India’s celebrated cueist Pankaj Advani, who recently won his 12th World Billiards Championship title, says he always comes up with his best when put under pressure.
“My mom calls me a pressure cooker because I cook (play well) under pressure,” Pankaj said in an exclusive interview to thestatesman.com.
The 31-year-old cueist from Pune outclassed Singapore’s Peter Gilchrist on Monday to claim his 12th World Billiards title, decorating his trophy shelf that contains 16 international titles, besides Arjuna Award, Rajiv Gandhi Khel Ratna, and Padma Shri, which he won in 2004, 2006 and 2009 respectively.
“This is my 12th World Billiards title. I have won four IBSF World Snooker titles, too. Not in my wildest dreams would I have seen myself winning so many titles and creating records,” Pankaj said, when asked how he feels while looking back at his achievements so far.
“I had never thought it possible to win world titles in all formats of billiards and snooker. I’m very thrilled to be the only person in the world to do so,” he added.
The ace Indian cueist counts all his achievements as an honour and wants to keep India on top of world map through his heroics.
“I want to keep the flag flying high and continuously put India on the world map in cue sport,” he said.

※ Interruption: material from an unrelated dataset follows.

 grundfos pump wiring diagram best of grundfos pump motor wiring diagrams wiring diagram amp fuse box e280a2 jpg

Pankaj’s recent victory in Bangalore was larger than life for the Indian hero as it came following a roller-coaster ride amid a tough competition. Following a neck-to-neck clash in the final, Pankaj beat Gilchrist 6-3 [151 (98)-33, 150 (97)-95, 124-150, 101 (98)-150 (89), 150 (87)-50, 152-37, 86 (86)-150, 151 (110)-104, 150 (88)-15].
“It’s always awesome to win a major championship. I couldn’t have asked for a better ending to the year than winning a world title at home. That too, title No. sweet 16 in the year 2016,” Pankaj said, referring to his 12th title triumph.

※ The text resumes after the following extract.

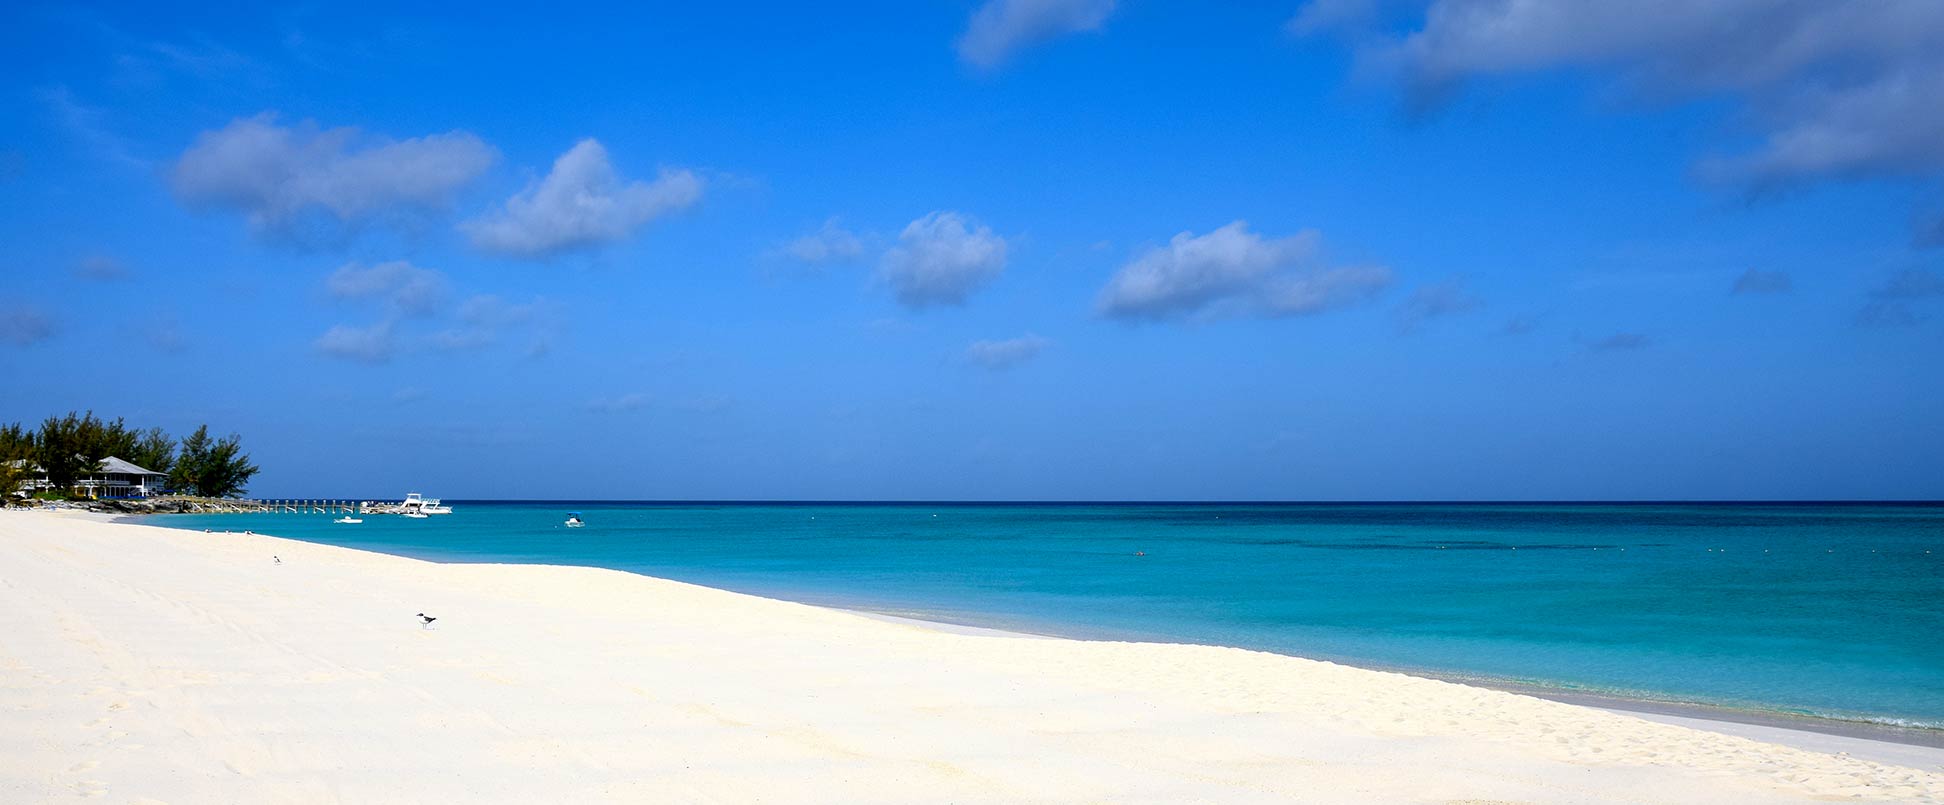 San Salvador Island, landing place of Christopher Columbus in the Bahamas

“The point format in billiards is the short format of the game. Hence, it is very competitive and unpredictable. It is never easy to be the tournament favourite and be able to live up to the billing.”

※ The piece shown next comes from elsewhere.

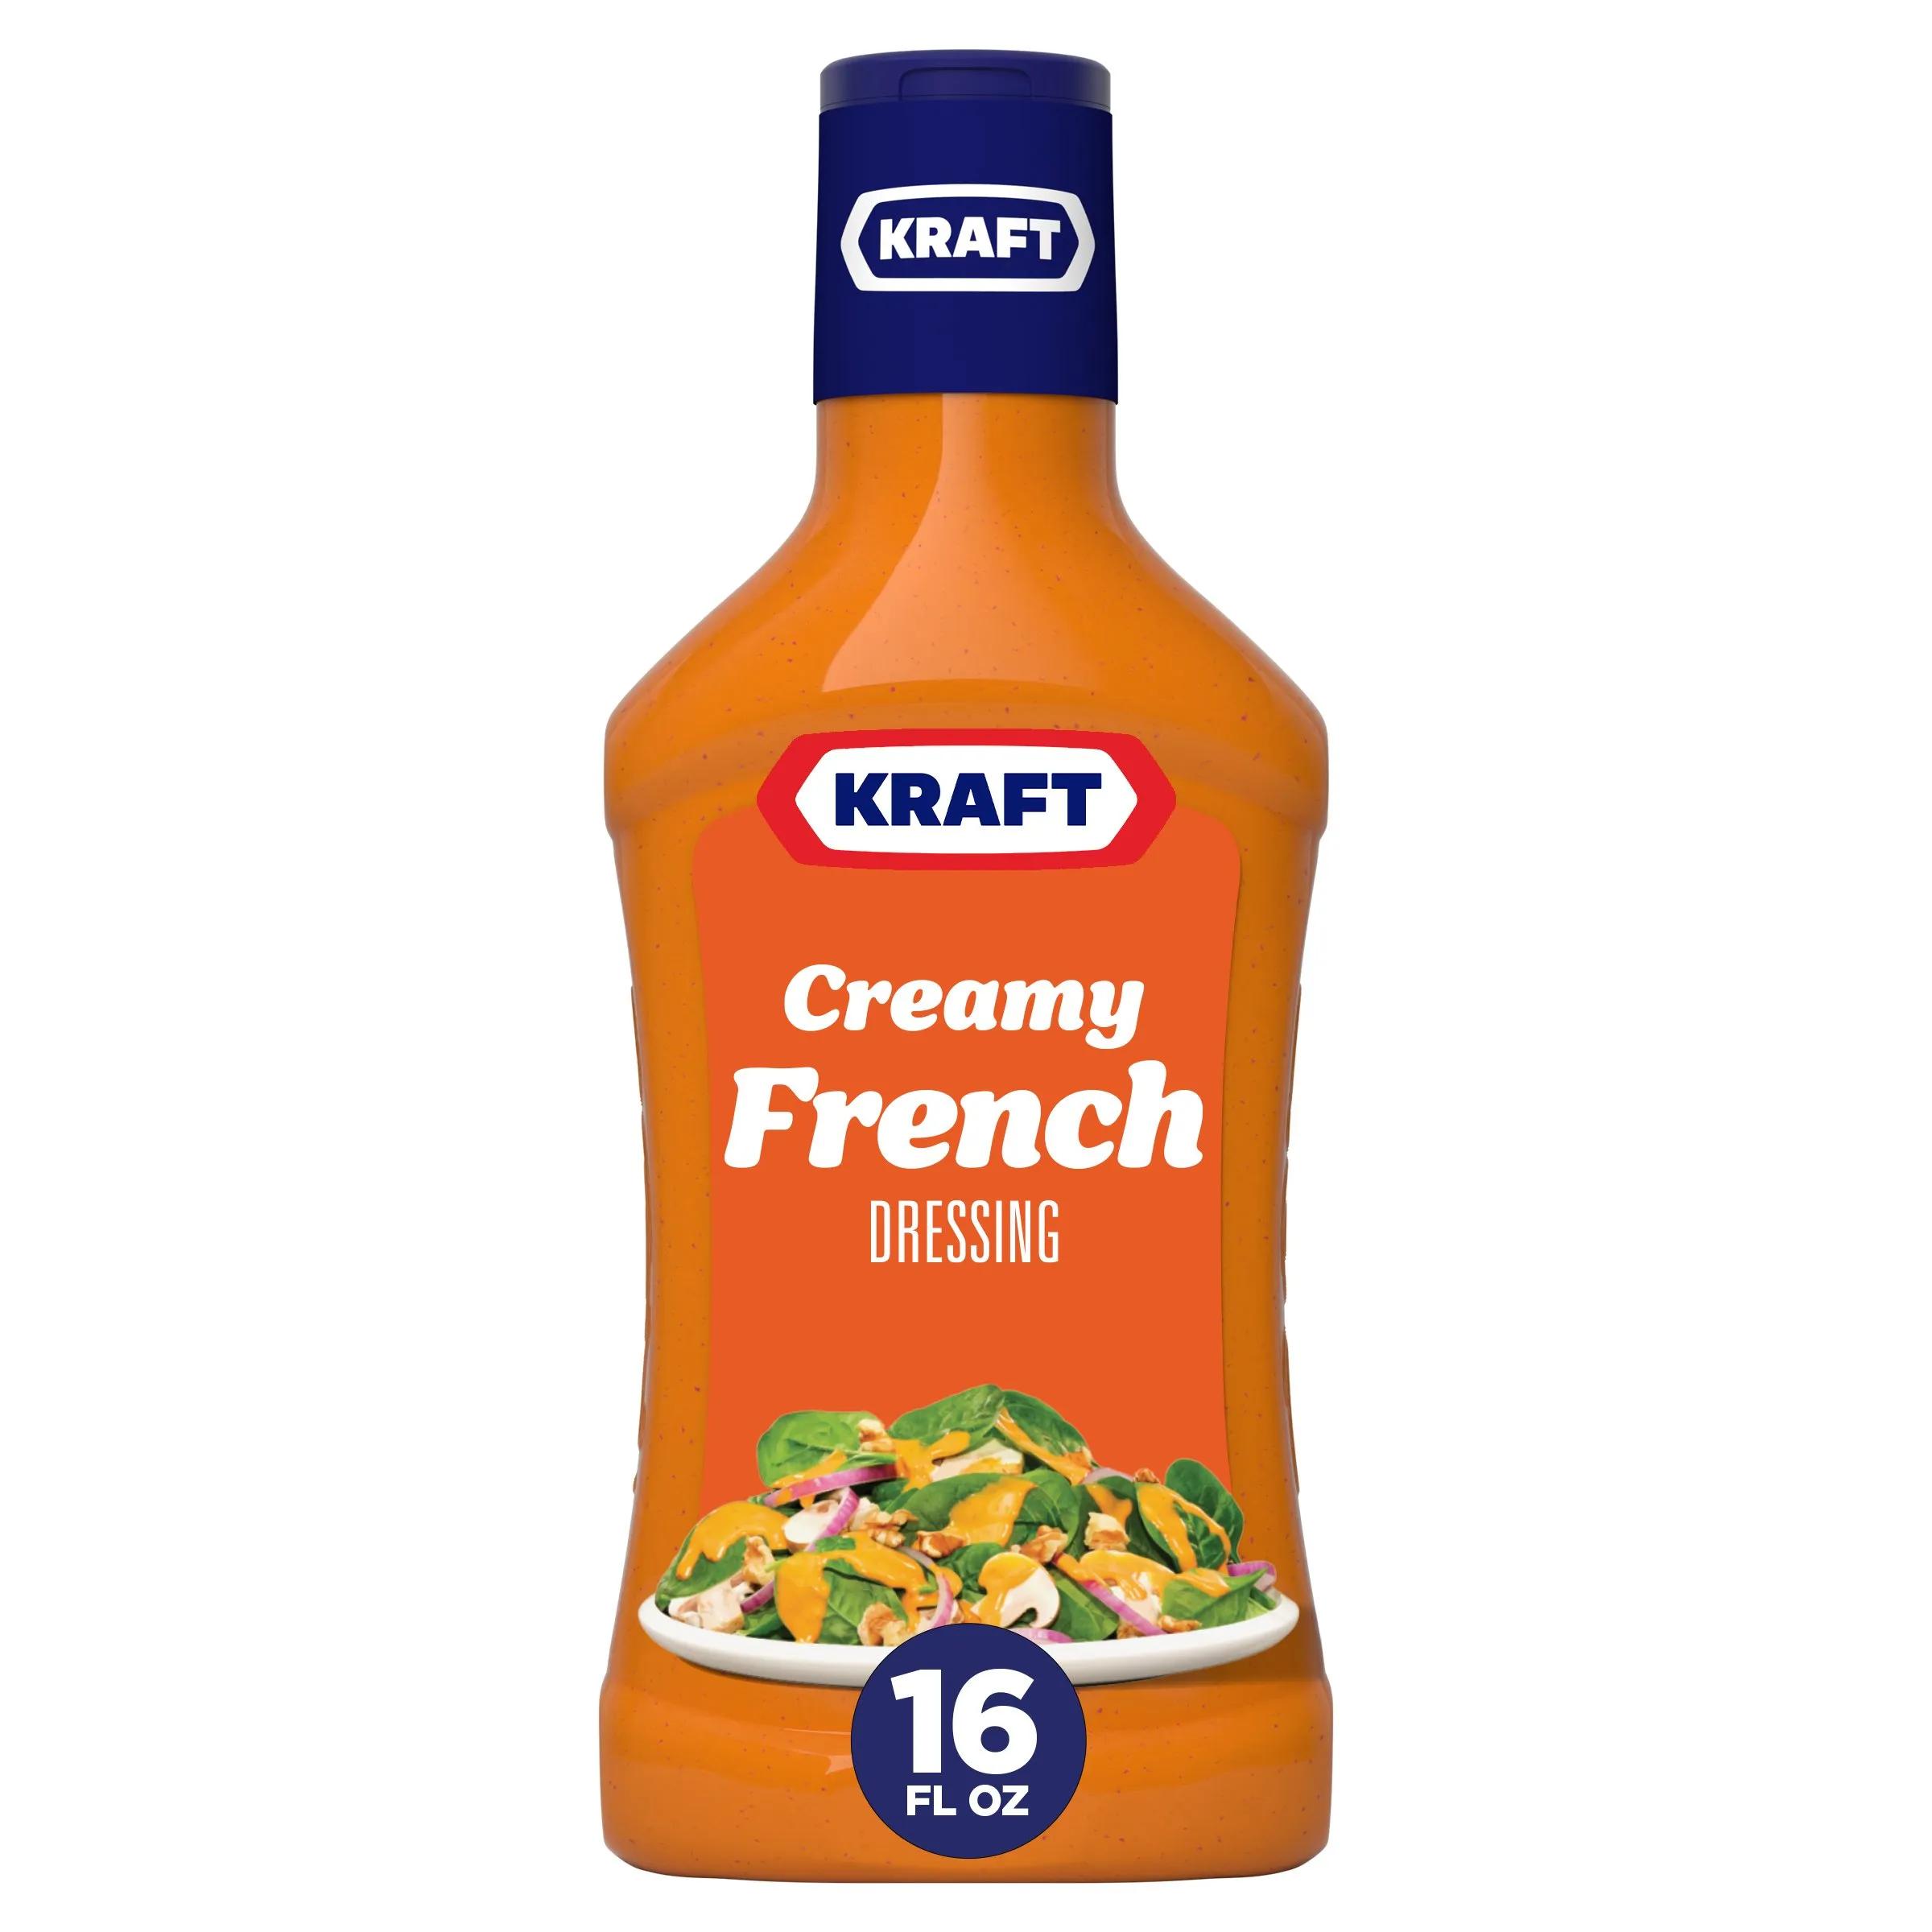 Kraft Creamy French Dressing - Shop Salad Dressings at H-E-B

Pankaj also talked about the nervous moments in final, where he started well but then his opponent (Gilchrist) bounced back, winning two frames back-to-back and giving the Indian a tough hand in the first six frames.
“Sport is full of ups and downs and even in a match there are highs and lows. I started the finals with a bang, winning the first two frames quickly, only to see my lead disappear in the next half an hour. At that point, I told myself to play freely and stop looking at the scoreboard. I realised that I play best when I am in my natural rhythm and flow.”
Despite being the lead protagonist in India’s success story in cue sport internationally, Pankaj has never received as much appreciation from his nation as a cricketer or a footballer receives after scoring a century or a goal respectively.
“There’s a need to highlight the achievements/exploits of sportspersons in various disciplines impartially by media. The day the athlete becomes the pivot of the sports policy of the State and Country, is the day we will achieve true professionalism in Indian sport,” Pankaj responded on the worrisome state of the sport.
Pankaj says he has recently seen a growing number in youngsters coming up for the game, though the federation still needs to take up a few steps, if wants to popularise the sport in India.
“There are a lot of youngsters taking to the game now. We see more than a thousand participants at the National Championships every year. As far as the popularity of the sport is concerned, that is the responsibility of the Billiards and Snooker Federation of India.
Acknowledging his brother Shree Advani, a sports psychologist, Pankaj said: “Shree’s contribution has been huge to my success. He has made a great difference to my thinking, approach and management of pressure situations.”
Pankaj was wreathed in smiles, while concluding the chat with a message for his loving fans. “I would like to dedicate this title to all my fans, well-wishers and supporters of the game who continue to believe in me.”